Thursday, July 7, 2011

Why Parents Shouldn't Be On Facebook

A couple months ago I went up to Santa Barbara to do my pal Katherine's makeup for her engagement pictures. It was a very last minute thing that came up and well I didn't want to do the drive from LA to SB solo. I had just gone up to do another wedding and was kinda burnt out & needed company for this trip. So I figured could make a day of it & I took along my friend Su who had the day off & was happy to have a play day!

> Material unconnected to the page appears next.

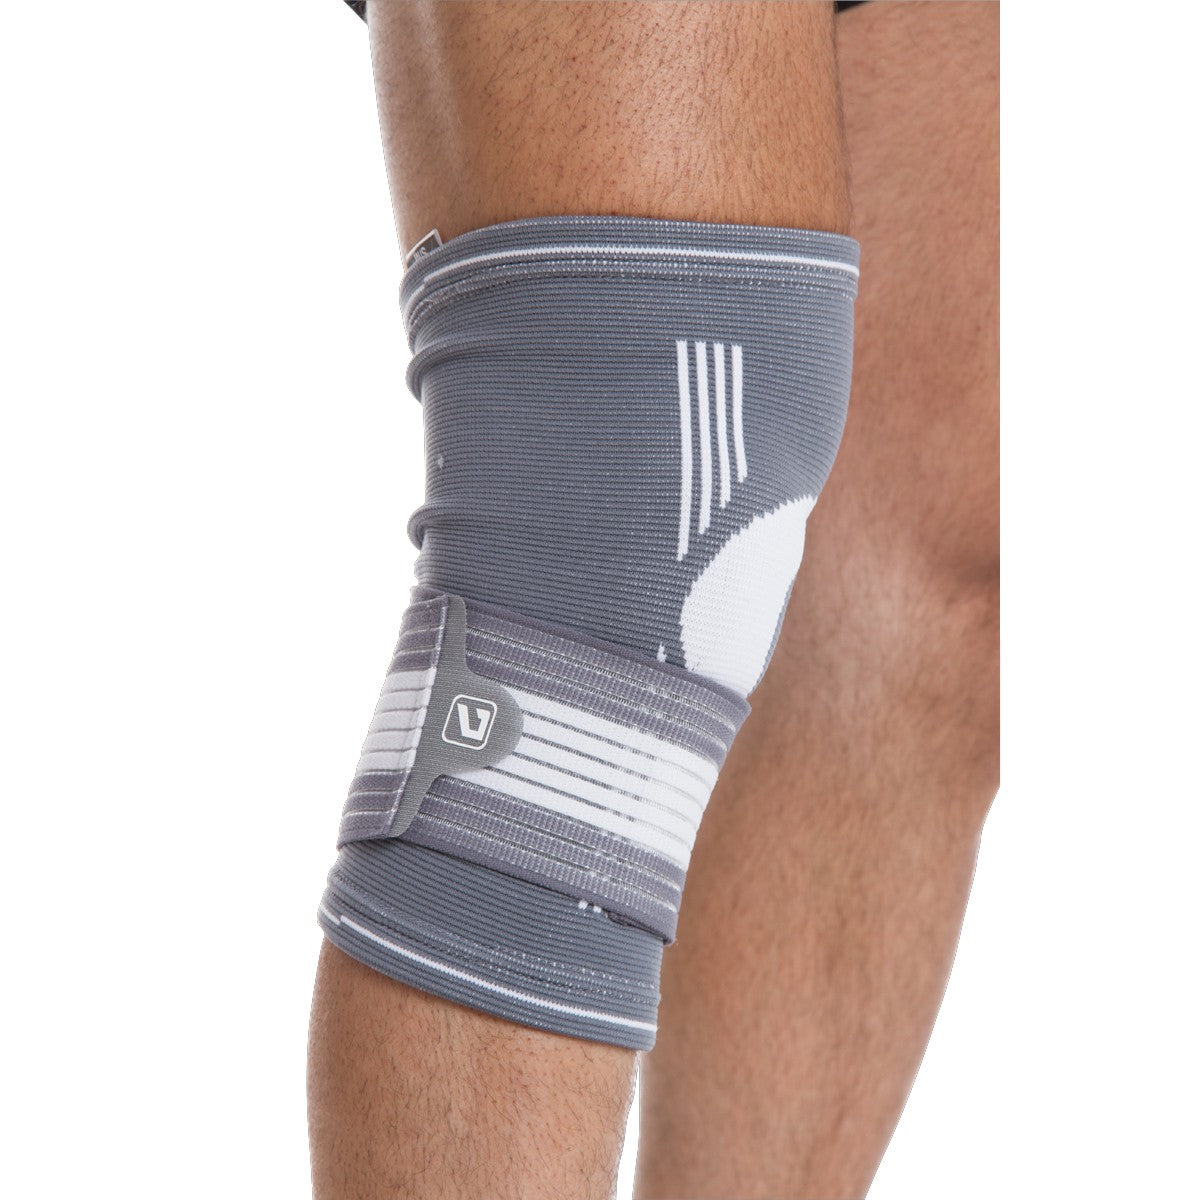 Live Up Heavy Duty Knee Support - S/M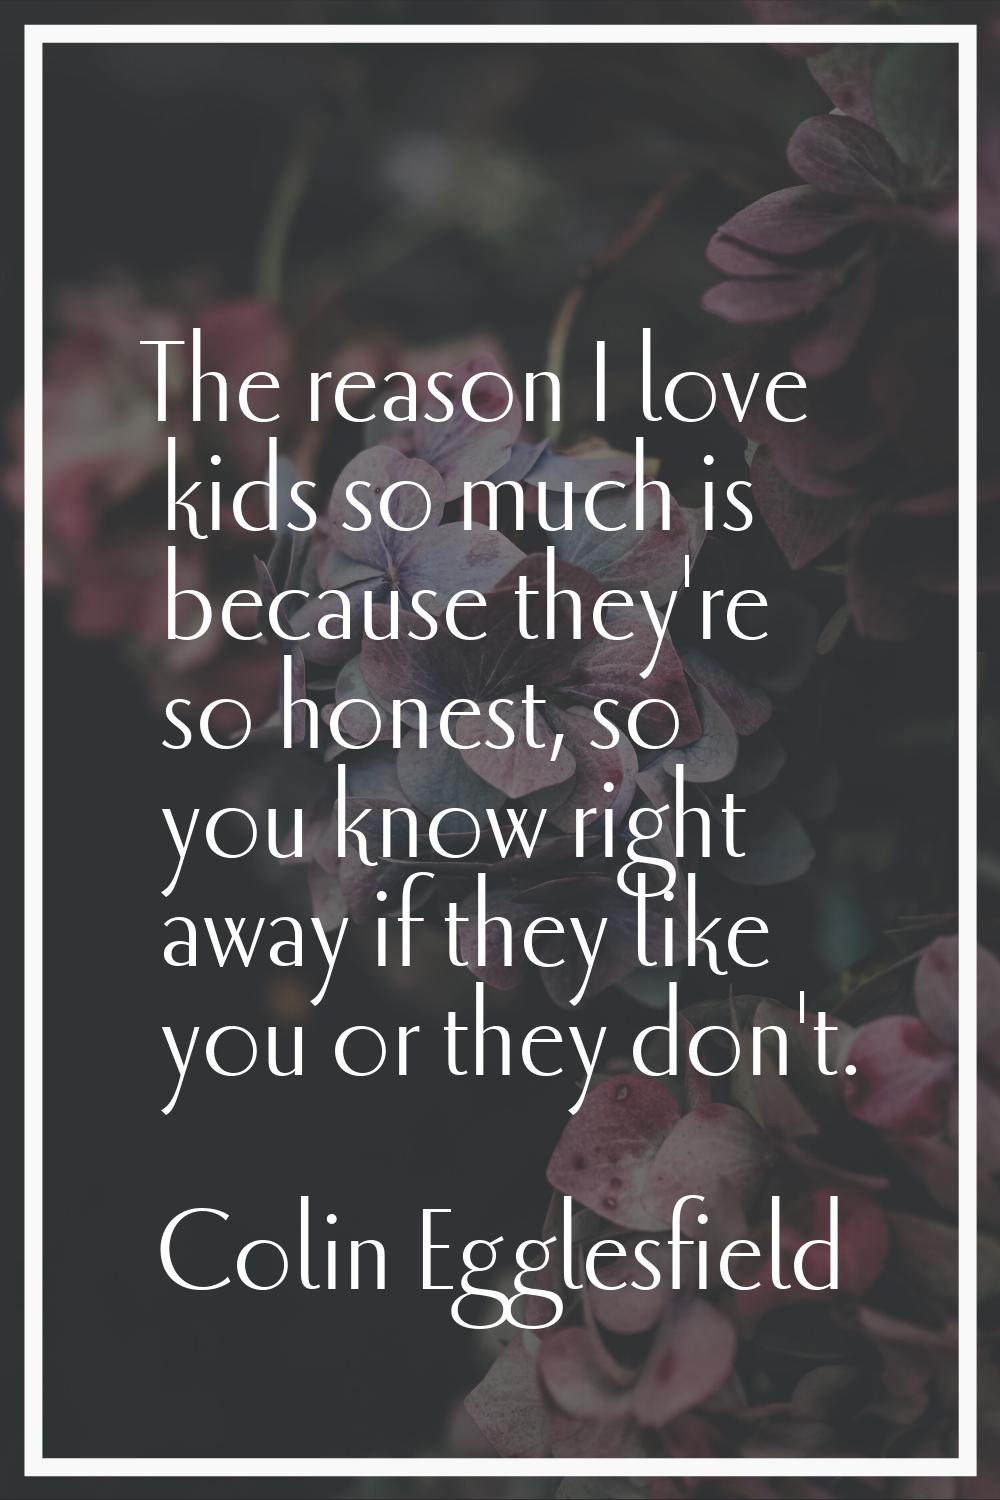 The reason I love kids so much is because they're so honest, so you know right away if they like yo

To cut to the chase, we ended up having a fun day. Filled with seafood and bloody marys by the docks, some walking around State St, silly touristy pit stop in Solvang to grab candy & ice cream, topped off with an awesome pasta bolognese pared with red wine at a great little hole in the wall in SB for dinner.
 i hate licorice but this was for my boyfriend
 such cute little dresses!
you know, touristy shit in solvang

 best bloody marys ever in santa barbara! i could go for one now
Su & her ice cream


Ideally, it was kind of the perfect date! But well with two pals instead. So I jokingly posted on her facebook page:

"Had so much fun on our girl date! Must do it again!"

Here's where lost in translation begins. Her korean dad sees this and comes to the conclusion that:

1- my daughter has turned gay & is all about the scissor sister action now
2- it's been too long since we've visited our daughter, we've not done our proper parenting skills & now she's gay

which now has resulted in a very Engrish text from her dad:

"What's up buddy? Is there very warm? How is doing men?"
this is NOT Su's dad but some random stock photo, 
i expect her dad to look more like an older Sulu from Star Trek
 preferably wearing the Star Trek uniform too




BTW, parents should also not text.

Anyhow, now my pal has her parents assuming she has a gay lifestyle here in wild & crazy LA, and they are planning to drop in & visit her sometime next year to check up on things. Part of me really wanted to mess with her poor dad more. But then that would result in my friend probably suffering from many  more visits.

So seriously, if you can prevent it, DO NOT LET YOUR PARENTS ON FACEBOOK, do not teach them how to text! Give them your old shitty phones, and keep them in a simpler more parent friendly time.

Friday, July 1, 2011

holy rainbow balls, i am a slacker!

actually i just haven't been inspired lately to ramble on, so i figured i'd at least do a quick update & share some of my new favorite things.

C2O Coconut Water


the name is unfortunate as it reminds me of carbon dioxide. 
but it is one of the tastiest coconut waters on the market. 
always smooth & no weird after taste

PhotoStudio App

it's got an endless variety of filters and fx that can be used alone or layered
I converted a pic to b&w here,
then used rainbow palette #2 and sprinkled it with startdust frame
 apparently it makes me look like a
Lisa Frank Sticker





8mm App for my Iphone
i've had this app for awhile but just never played around with it until now


now you can make your own grainy 70s inspired home grown porn 
or shitty grindhouse flick

this is me being awkward & uncomfortable
2 things i do well




here's a flipbook the mr. & i made at a wrap party



so i got a digital perm about three months ago & i love it! 
to maintain the curls i have been using LUCIDO Designing Aqua & my T3 Blowdryer & diffuser



this description of the product is perhaps a battle of intensity and overkill

Amika Triple Barrel Pro Curler Set



clamp free in three sizes perfect for your hair at any length in life! 
it also comes with a heat resistant glove so you don't torch those pretty digits of yours. 
love this iron because it sets curls at a high heat so they maintain a nice shape throughout the day


WOODHOUSE Salted Caramels


i'm not a chocolate lover at all but,
my pal Katherine over at http://www.featherfactor.com/ turned me onto these.
she gave me a six pack of the assorted milk & dark choco  & my world was forever changed!
seriously, if you want to make some bitch fat get her these rich, buttery fleur de sel sprinkled fuckers! 
oh, and don't feel too bad about eating them all in one sitting. 
they only have a shelf life of 7 days so eat up!